I scrounged up my entire binder full of poetry and self-published it. I knew nothing about publishing, I just did it. It’s still sitting on lulu.com somewhere, collecting virtual dust. But I never saw myself as a writer. I just wrote poetry, and my English teachers told me I was good at it.

That was the year I got an 86 on my ELA exam… and it BROKE me. An exam in essay format to discuss books – and I failed it. 86 meant fail to me. Heaven could have struck me dead, and I would have felt deserving of it.

I thought maybe words were not my calling.

That year, we had a multi-genre research project. I chose writers and mental illness, and I developed and designed a full blown newspaper with creative gimmicky articles, comics, and ads that summed up my research on the aforementioned topic. My teacher thought it was a genius piece, A+ all around, and that sparked the world of graphic design for me – the route I took in college.

The point of telling you all of that is to tell you this: I struggled with the question “Am I good enough to call myself a writer?” Even when I started Scales in 2011 and finished in 2013, I never considered myself a writer.

In my senior year of college, I took a mandatory writing 101 class. When my professor handed me back my 26-page final paper, she handed me a Writing Program brochure. She said “your writing is exceptional, and I would urge you to switch majors to the writing program.” But I was too late. I left college thinking I had missed the writing boat. Less than a year later, I started Scales as a project for myself. I saw stories of teenagers and 20-year-olds securing book deals. No way could I play on the same field. These people lived writing their whole life, and I gave it up.

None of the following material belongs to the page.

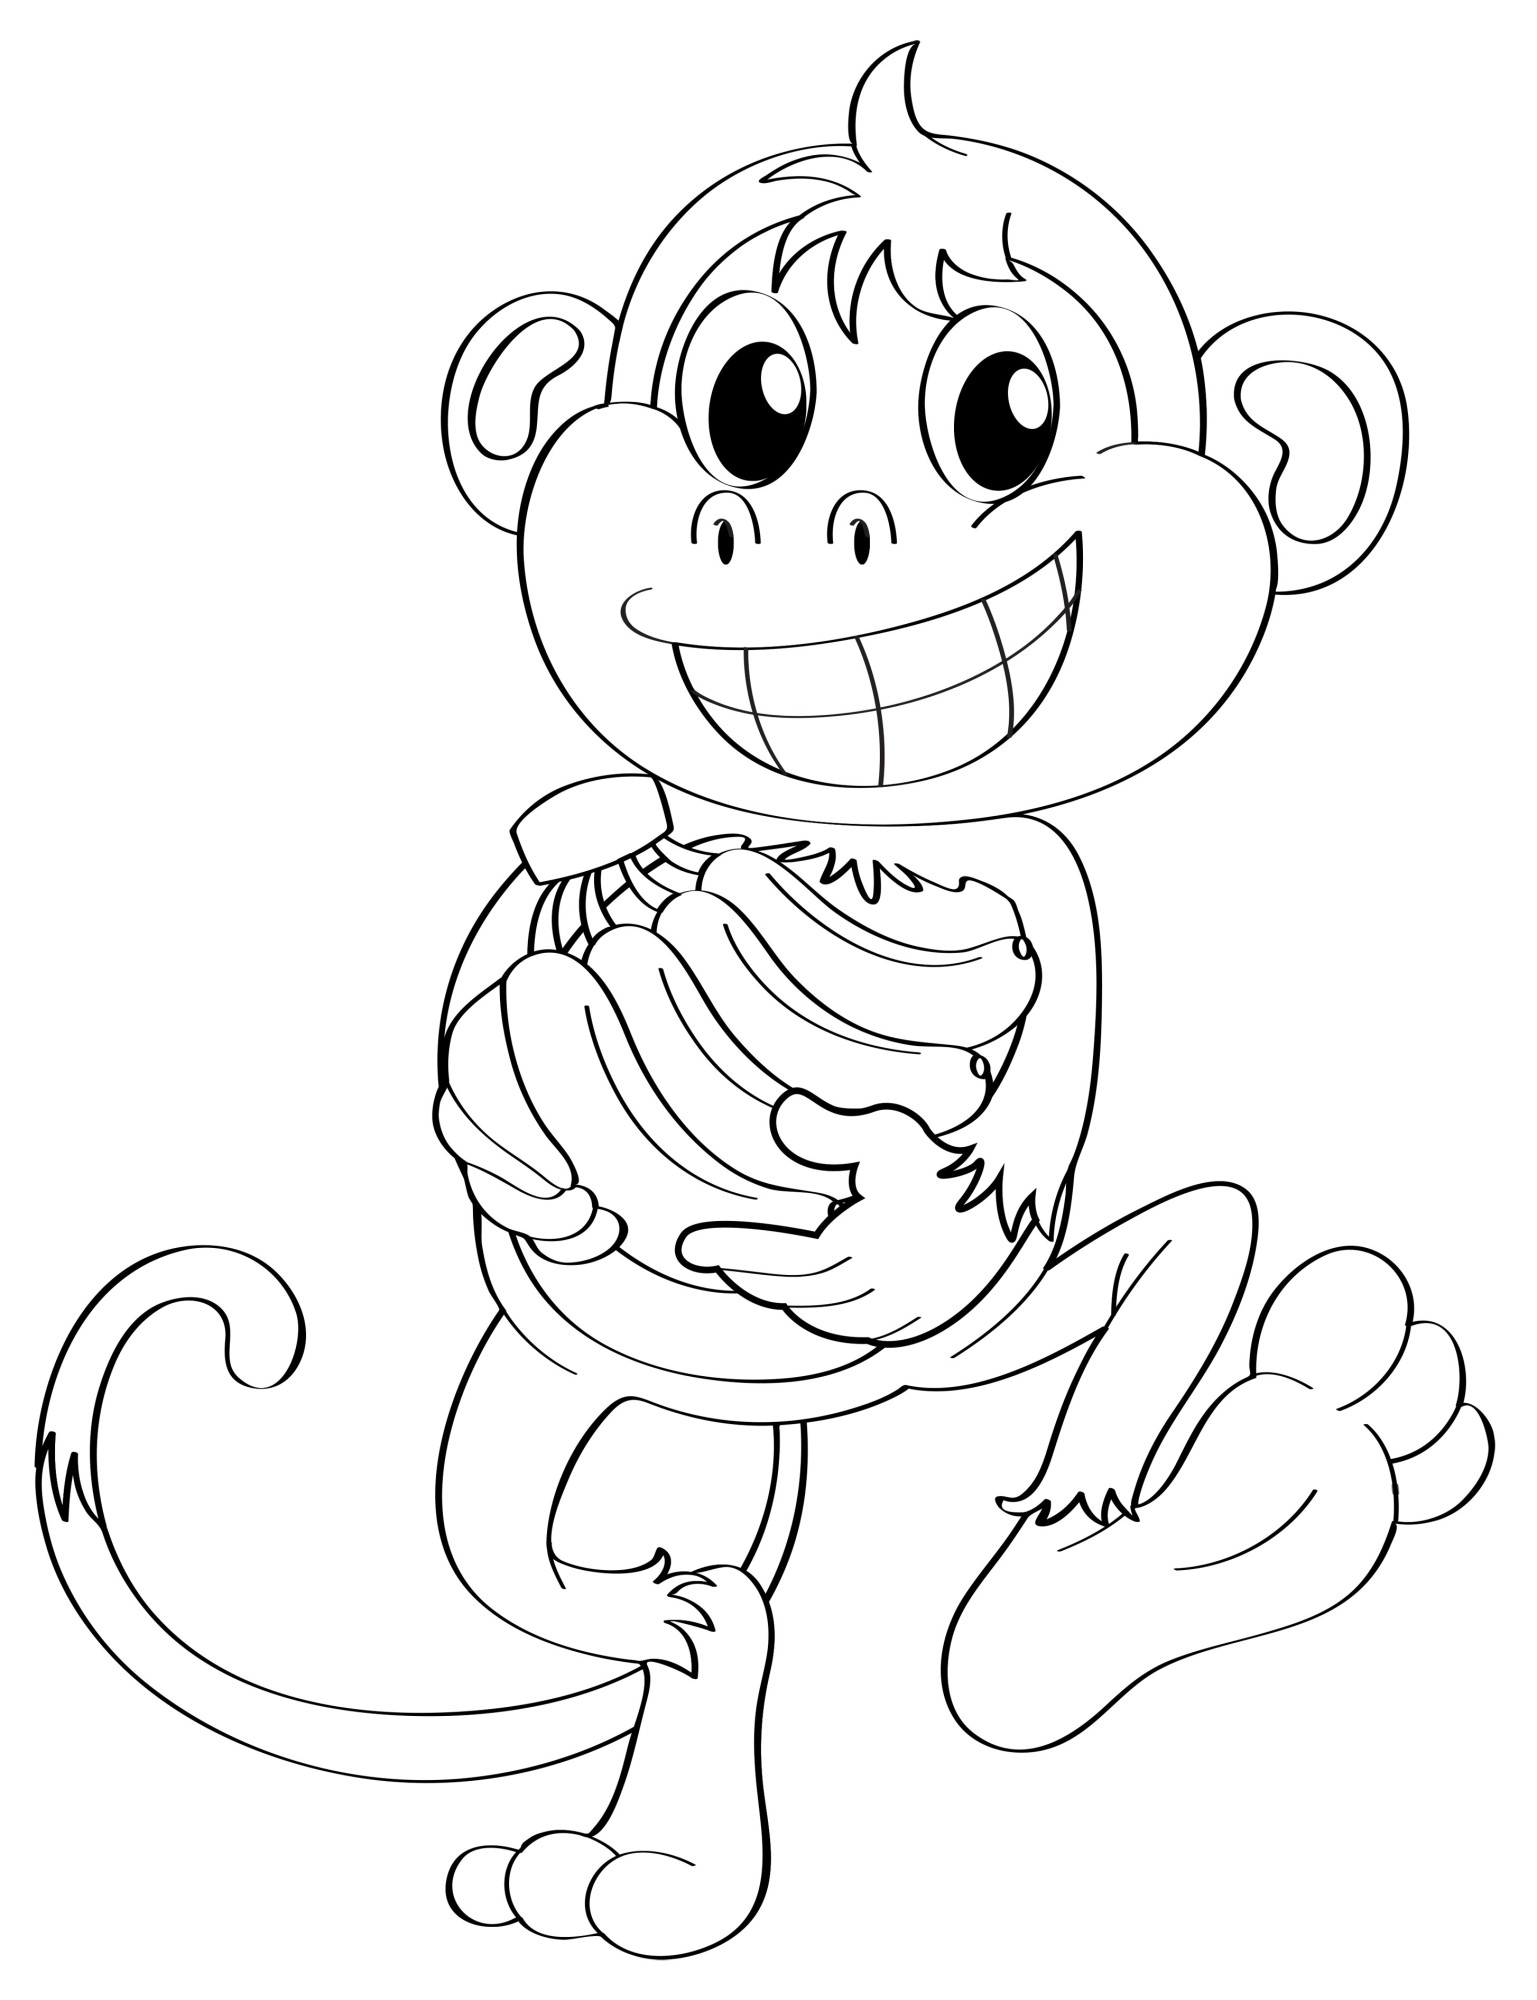 Раскраска для детей: обезьяна с широкой улыбкой на лице несет в руках связку бананов

Writing soon took over my life this past year. I finished Scales in February, slammed through edits, beta readers, and more edits. I joined Twitter contests, NaNoWriMo, and started hashing out a second novel. In recent months, my writing has taken a significant lead over my design work. People don’t ask me about my design job anymore. They ask “how’s your book coming?” “Are you writing anything else?” “How did that writing contest go?”

At my first (and last) NaNoWriMo party, I met my chapter leader. She gave me a pin. It simply stated: “I write Books.” Even then, I still struggled with the question: Am I a writer?

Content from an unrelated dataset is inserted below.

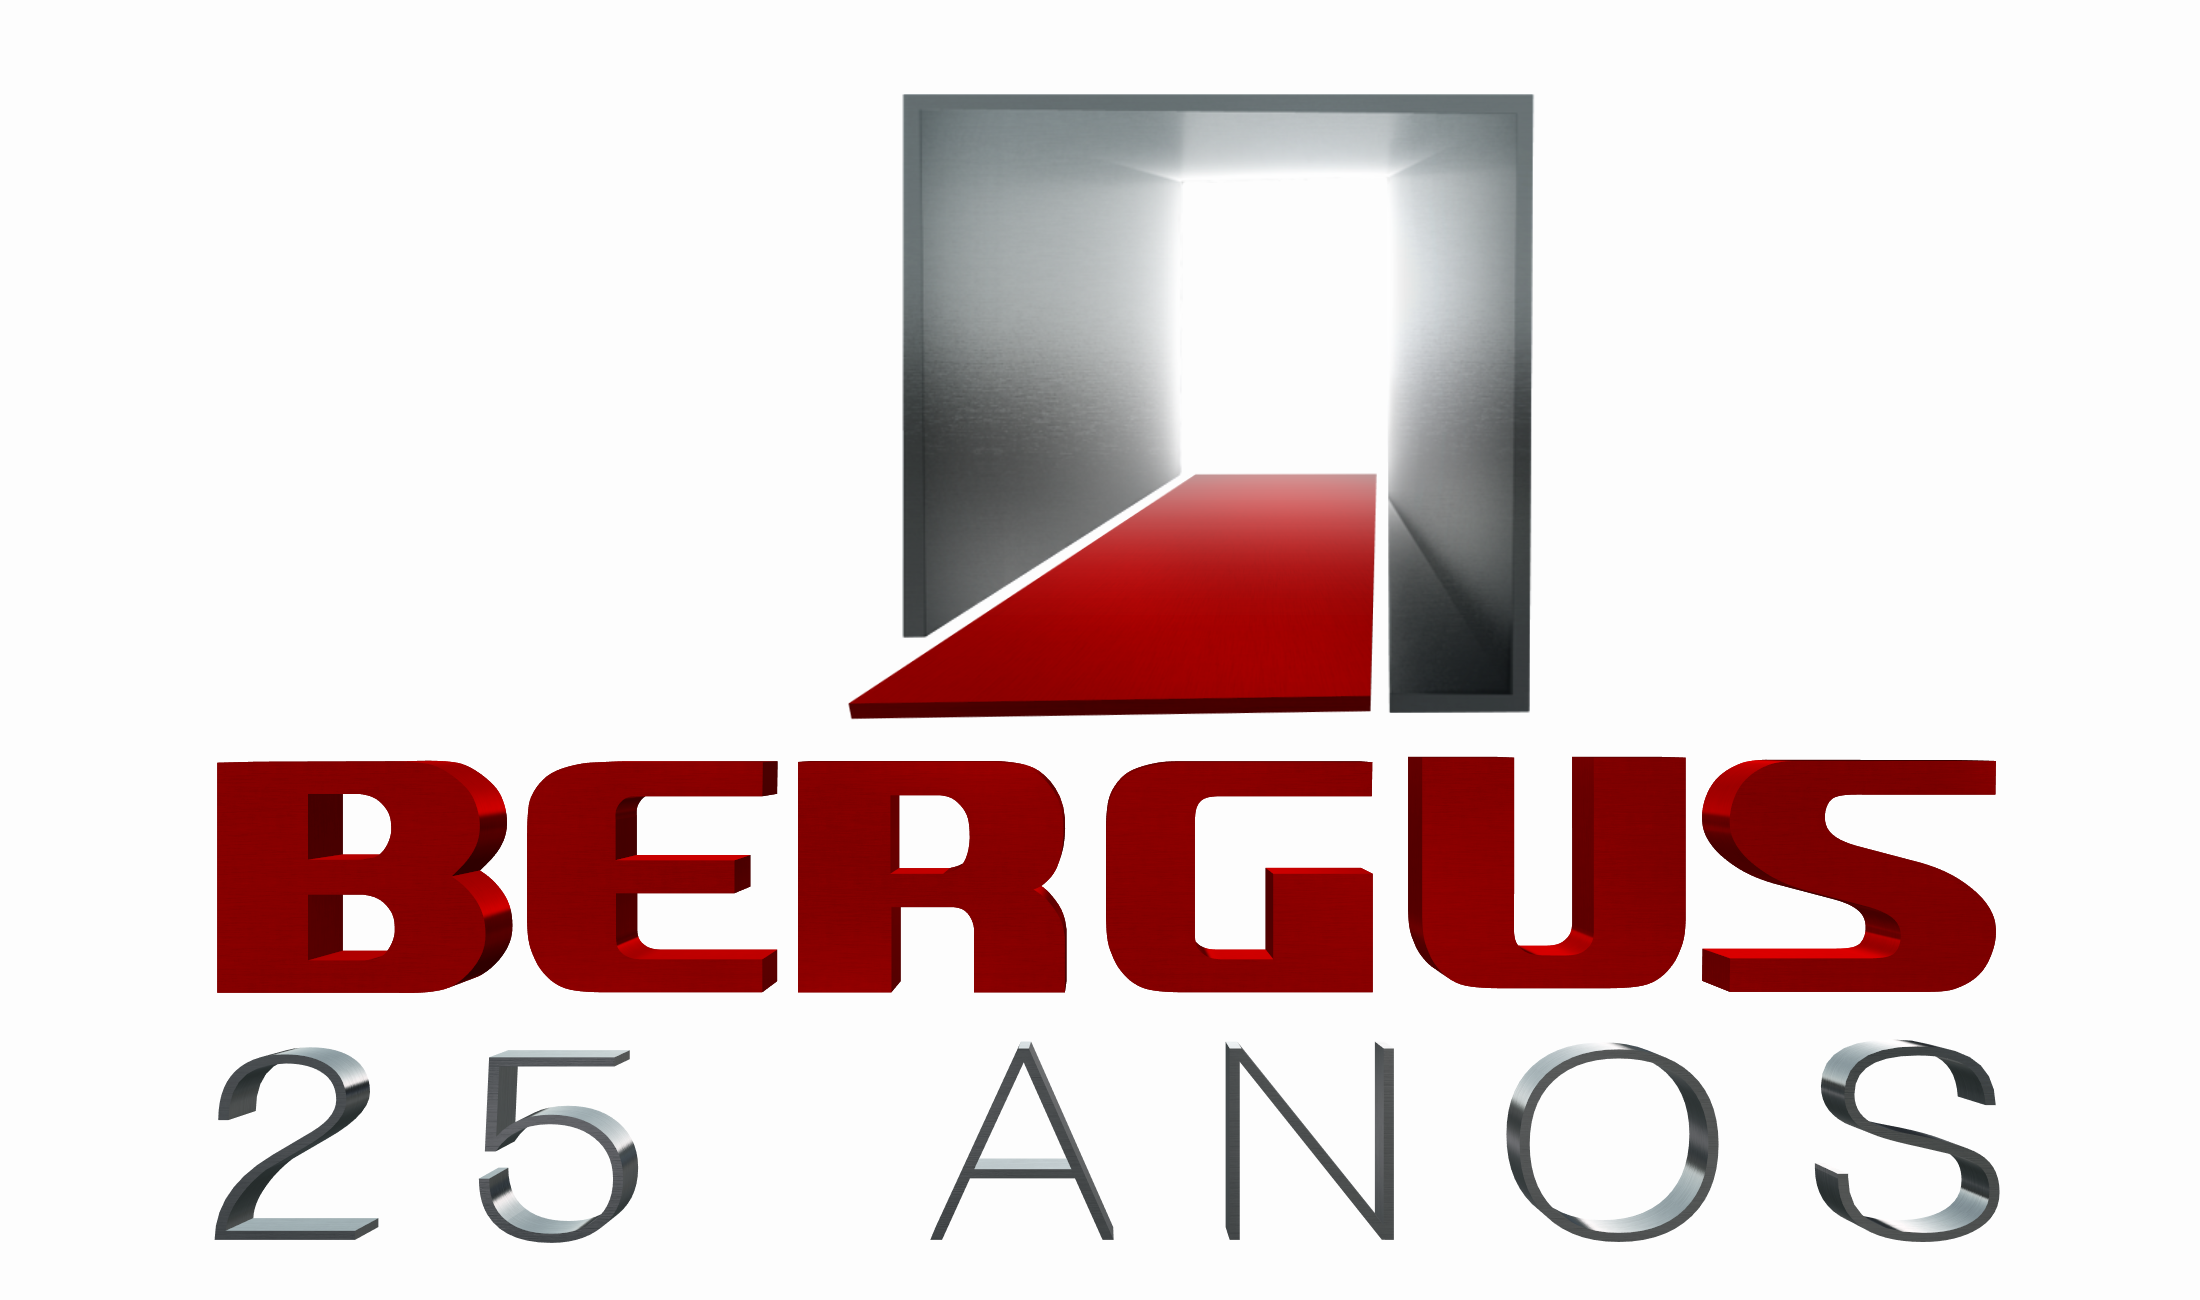 Bergus – Microfranquias

No, I don’t have a degree in writing. Yes, everything I learned about writing came from Google, blog posts from fabulous Twitter writers, dropping the proverbial ball in contests, my own ventures in reading, and amazing people who have critiqued my work along the way.

It wasn’t until December that I finalized my answer. Making it into PitchWars and ProjectREUTSway simultaneously validated me to finally say, yes, I am a writer. BUT I WAS WRONG! WRONG I TELL YOU! I’m a writer, and was always a writer, because I write.

I made it into the finals of two twitter contests. I was a writer then.

I cranked out a successful NaNoWriMo this past year while juggling project REUTSway. I was a writer then.

I joined in on Twitter contests last August. I was a writer then.

I started full-on editing Scales a year ago. I was a writer then.

I wrote Scales starting in January 2011. 80% of it in a notebook/ iPad during my lunch breaks at work. I was a writer then.

I wrote kick-ass papers in college. I was a writer then.

I wrote poetry in high school. I was a writer then.

I let myself be intimidated by those with more experience and education. I learned to keep learning and keep teaching myself – to keep putting myself in learning experiences. I forced myself to enter Twitter pitches, to swap 1st pages with other writers, to write short stories for a contest, despite my comfort zone and insecurities. Right now, I don’t feel like less of a writer. I learned that, eventually – with enough drive and an open mind – no one will be able to tell that I didn’t study this in school.